The goal of the CSW Kronika residency program is to support research and artistic projects that address the unique characteristics of the region and current socio-cultural issues.
The starting point for previous residencies was working within the context of the city—one of the oldest in the region of Upper Silesia, once a key hub of the communist economy, a place scarred by the trauma of economic and social transformations, and now seeking a new identity. The activities carried out were often site-specific in nature. An integral part of the work were workshops and activities with the local community (including groups at risk or subject to social exclusion), such as educational programs for children and youth from diverse backgrounds.
We offer accommodation in a residency apartment located on the premises of CSW Kronika, in the heart of Bytom. The location is ideal not only for exploring the city but also for observing Kronika’s work and becoming involved in its ongoing processes. The residency can last from a few days to several weeks, depending on individual arrangements. The Kronika team provides organizational and substantive support. All other costs (meals, materials, transportation, etc.) are covered by the resident.
Please send your residency project proposal along with your portfolio to the email address: mail@kronika.org.pl. We look forward to collaborating with you!
Artist-in-Residence:
2026
Milena Soporowska
Born in 1989 in Warsaw, where she also lives and works. Milena Soporowska is an interdisciplinary artist, researcher, art historian, and curator whose research focuses, among other things, on the intersection of everyday life and popular culture with broadly understood magic and the occult, as well as on various contexts of art therapy. Her study visit was a continuation of the long-term series “Swarliwa,” in which Soporowska examines ways of commemorating so-called witch hunts in the public sphere. It involved local research, with the monument to Katarzyna Włodyczkowa, the so-called Witch of Czeladź, serving as the starting point. Based on this research, the work "Swarliwa vol. II" presented an alternative vision of commemorating Katarzyna’s story. It was presented at the exhibition “The Queen’s Breasts Carved from Wood.”
Katarzyna Perlak
Born in 1979 in Chorzów. Lives and works in London. In her artistic practice, Katarzyna Perlak explores the tensions and dialogues between Catholic aesthetics, a queer perspective, and craft and folk traditions. Over the past few years, she has been developing the concept of “tender craft,” which refers to an investigation of how traditional craftsmanship (heritage and traditions) can be reappropriated and reimagined within contemporary feminist, queer, and diasporic (migrant) frameworks. Her residency at Kronika was dedicated to creating work for the exhibition “The Queen’s Breasts Carved from Wood.” The starting point for the installation “Revelation in the Bushes” was research Perlak conducted in Catania, Sicily, tracing the traces and iconography of St. Agatha. At the same time, she explored the phenomenon of local roadside and backyard shrines. In the work created for the exhibition at CSW Kronika, she drew on materials found in various local contexts, which together form a multilayered fabric in which the past, memory, and intimacy intertwine into a new narrative.
2023–2024
Lidija Mirković
Visual artist and filmmaker of Romani descent. Creator of the works “Z-10889,” “Gypsyflowers,” and “Dialogue with Carmen” as part of the international exhibition “HateFree?” presented in the Czech Republic, Slovakia, Hungary, and Poland (2017–2018). She lives and works in Germany, where she runs the film production company haymatfilm.

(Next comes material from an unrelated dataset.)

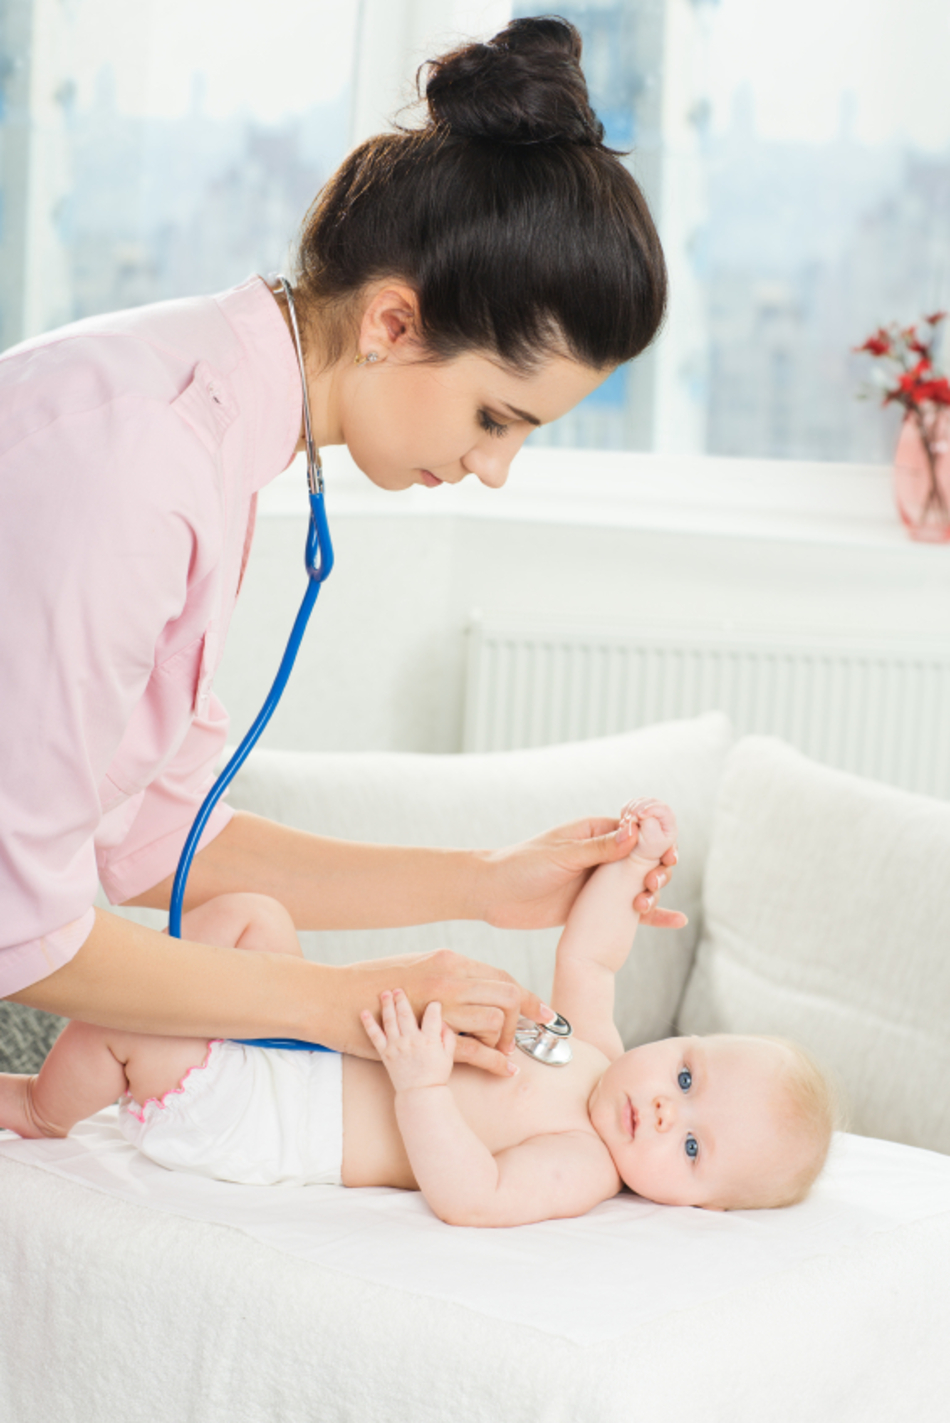 Newborn Visits: Let the Doctors Come to You and Your New Baby

The artist’s residency in Bytom culminated in four conversations presented as video works. The protagonists are three Romani women, residents of Bytom: Angela, Żaneta, and Danuta, as well as Lidija herself. The work inaugurates a long-term process of creating a museum of Romani women; the protagonists answered the artist’s questions about fundamental values, their vision of happiness, needs, and dreams. For Lidija Mirković, it is of utmost importance that Romani women be seen and heard. The works created during the residency, along with other works by Lidija Mirković, were presented at the exhibition Shout, Sister, Shout!
2012–2015
Metropolis Project
From 2012 to 2015, CSW Kronika ran an international residency program in collaboration with the Kraków-based Imago Mundi Foundation, as part of the Metropolis Project dedicated to creating a contemporary portrait of Upper Silesia and the Zagłębie region. The project sparked a discussion among visual and sound artists who treat art as a cognitive tool rather than a mean of fulfilling preconceived notions or creating a wish-fulfilling image. The aim of the project was to discover parallel, coexisting realities: cities within a city, regions within a region.